Wednesday, September 9, 2009

Schedule

The notion that you should take scheduling into account has come under fire recently, especially by Matthew Berry of ESPN. Now, I'm a big fan of TMR in general but he is dead wrong about this. On his podcast the other day(one of the top rated podcasts on itunes, i am after all, a company man), he quoted someone to the effect of it being arrogant to assume you can predict how a defense will do before the season starts. Maybe that is true, but it is no more arrogant than thinking you can predict how an offense will do, or more specifically, a running back. Predicting how football players and teams preform is what fantasy football is. Sure, you can't predict anything perfectly, but that doesn't mean you shouldn't attempt to predict and utilize the information.

Berry has an example of a defense that was predicted incorrectly before last season(San Diego). Well I can come up with countless examples of running backs who did not live up to fantasy owners expectations. Should we thus throw out informed guesses and draft running backs out of a hat. That is essentially what this line of logic reduces us to. Yes, you will be wrong some of the time about defensive projections, just as you will be wrong some of the time in your quarterback projections. But in a way, you are more like to hit on schedule predictions. After all, going into last year, you would assume that Pittsburgh and Baltimore would be top defenses and that Detroit and Denver would be atrocious. These cases are far more common than the surprises and disappointments.

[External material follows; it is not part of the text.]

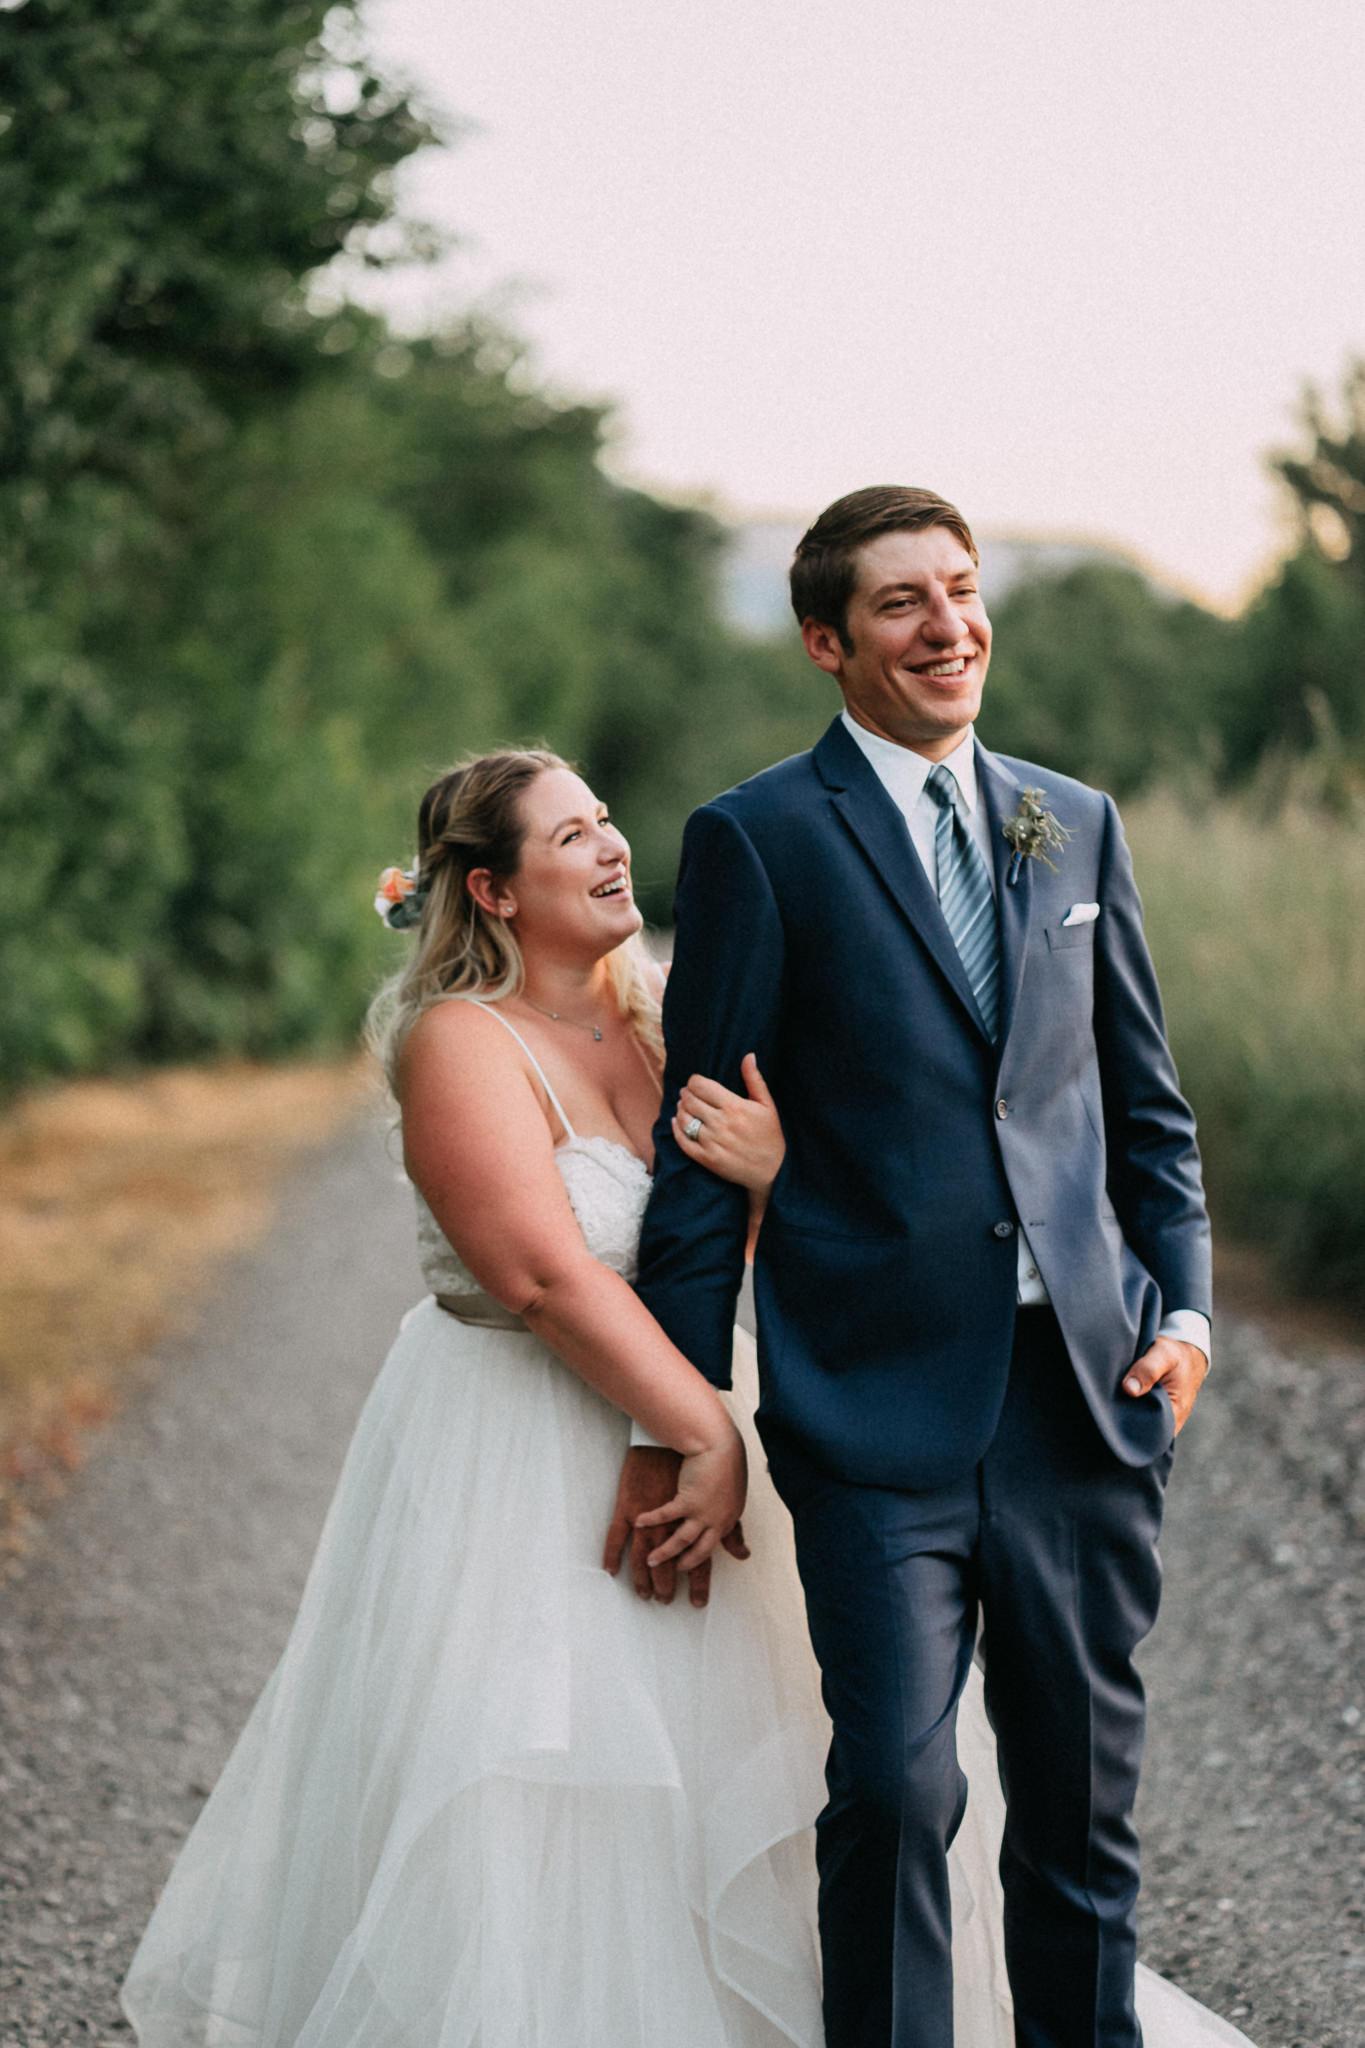 Bride Groom Formal Portrait unposed Candid Portland Wedding Cascade Locks
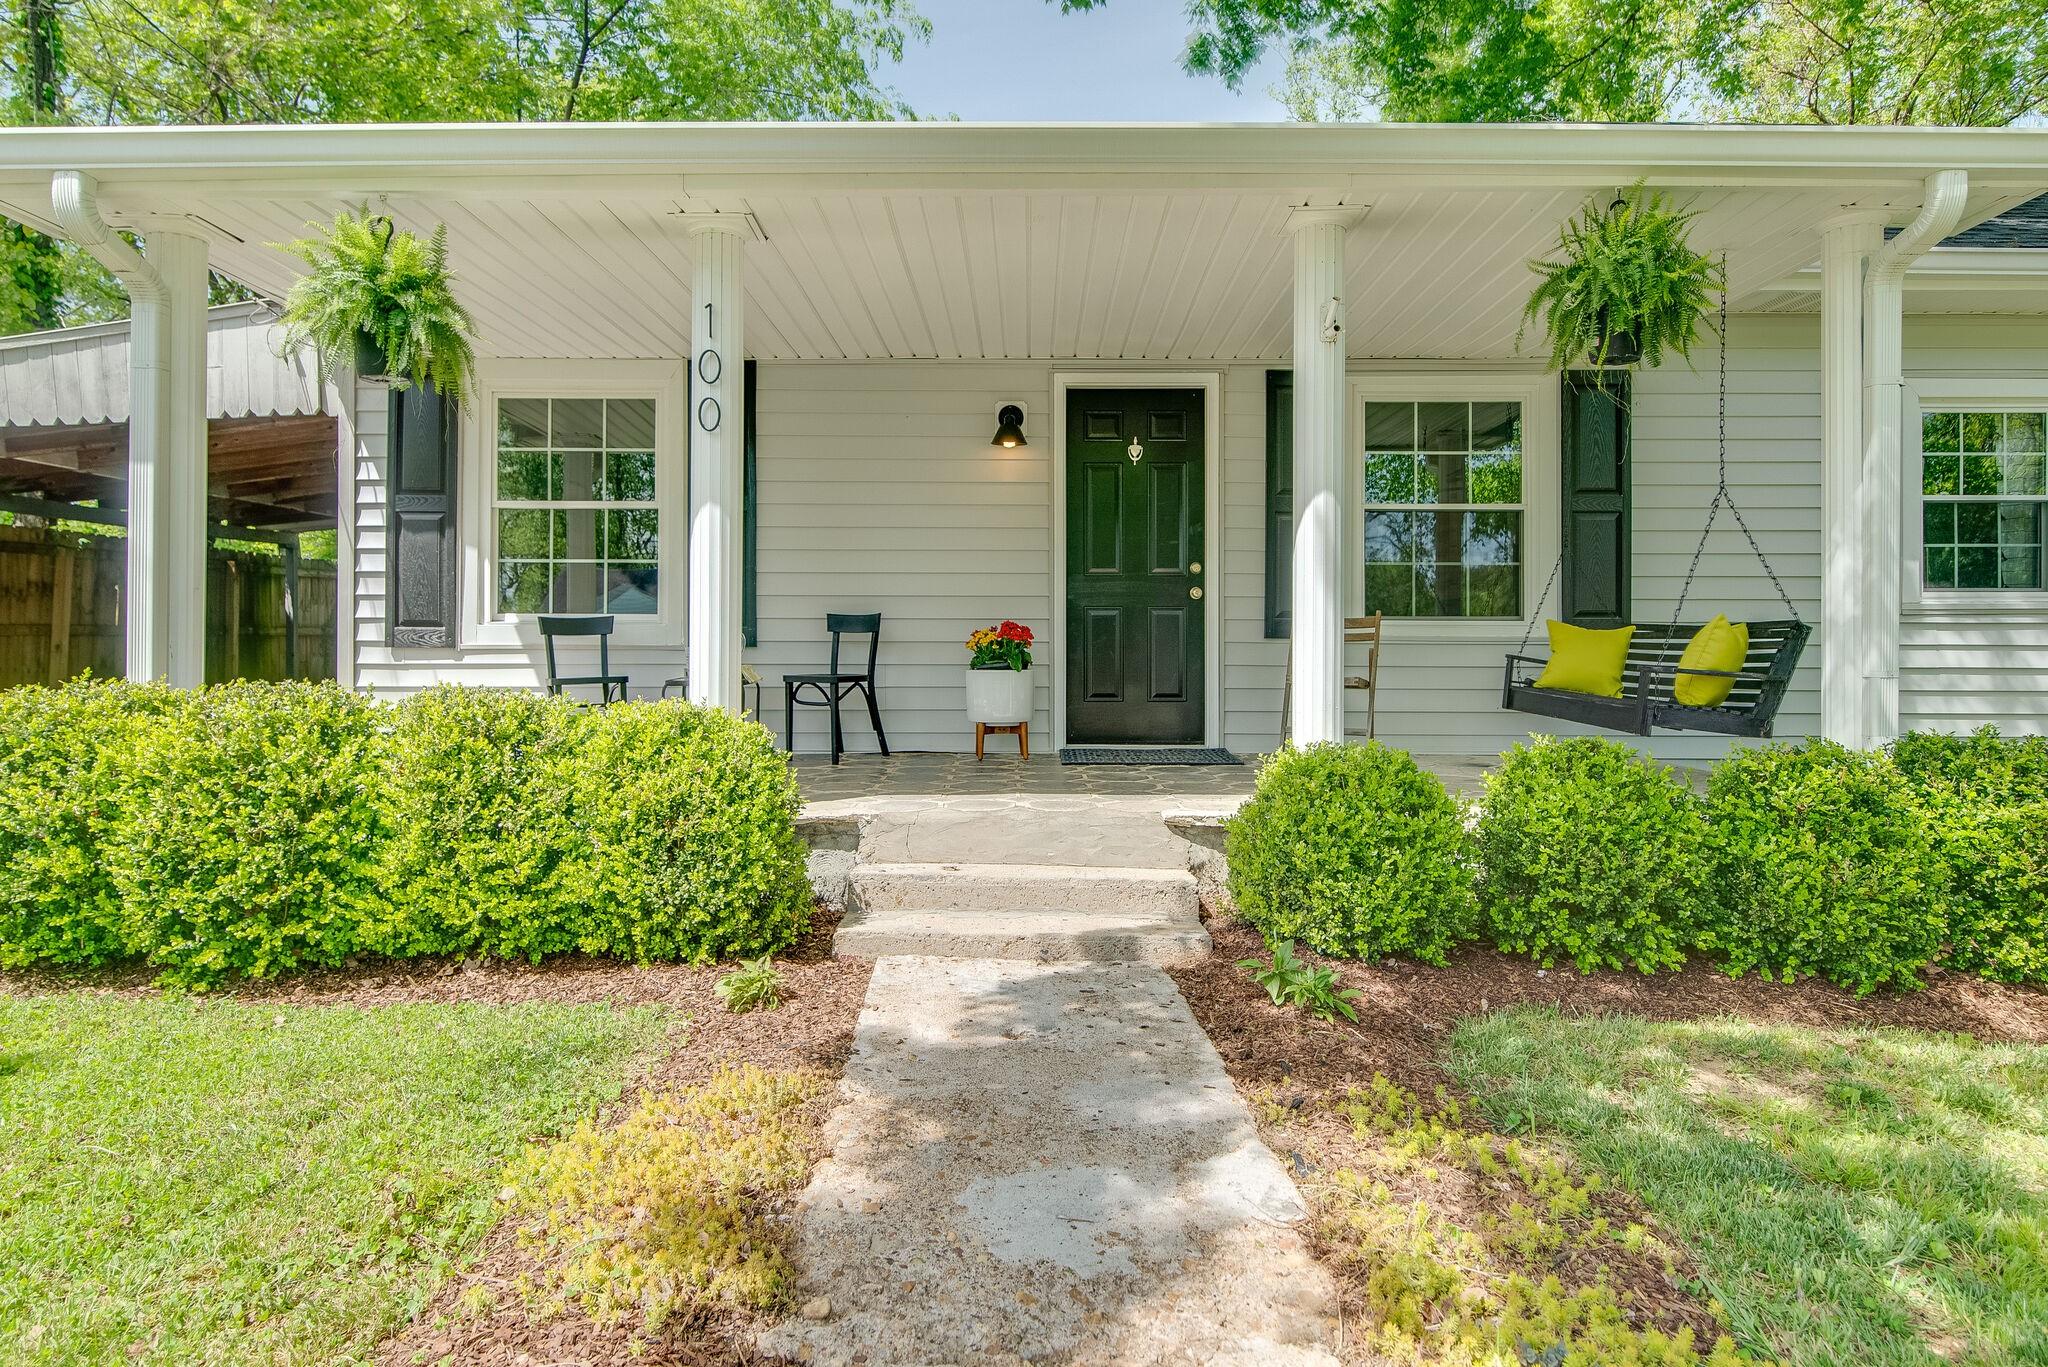 100 Elberta St Property Photo - Nashville, TN real estate listing

Even if you couldn't predict defenses at all, and assumed an average schedule for each running back, you could still use scheduling in your assessments. You could look at the likely schedule differentiation from last year. So if someone had an easy schedule last year(Michael Turner), you could assume his schedule would be harder without making any evaluations at all.

Clearly, there is value in schedule assessments. Fantasy football is about making educated guesses. The more information you have, the more accurately you guess. There is no real point in depriving yourself of vital information, unless of course it flies in the face of the pick you made in January and refuse to back down.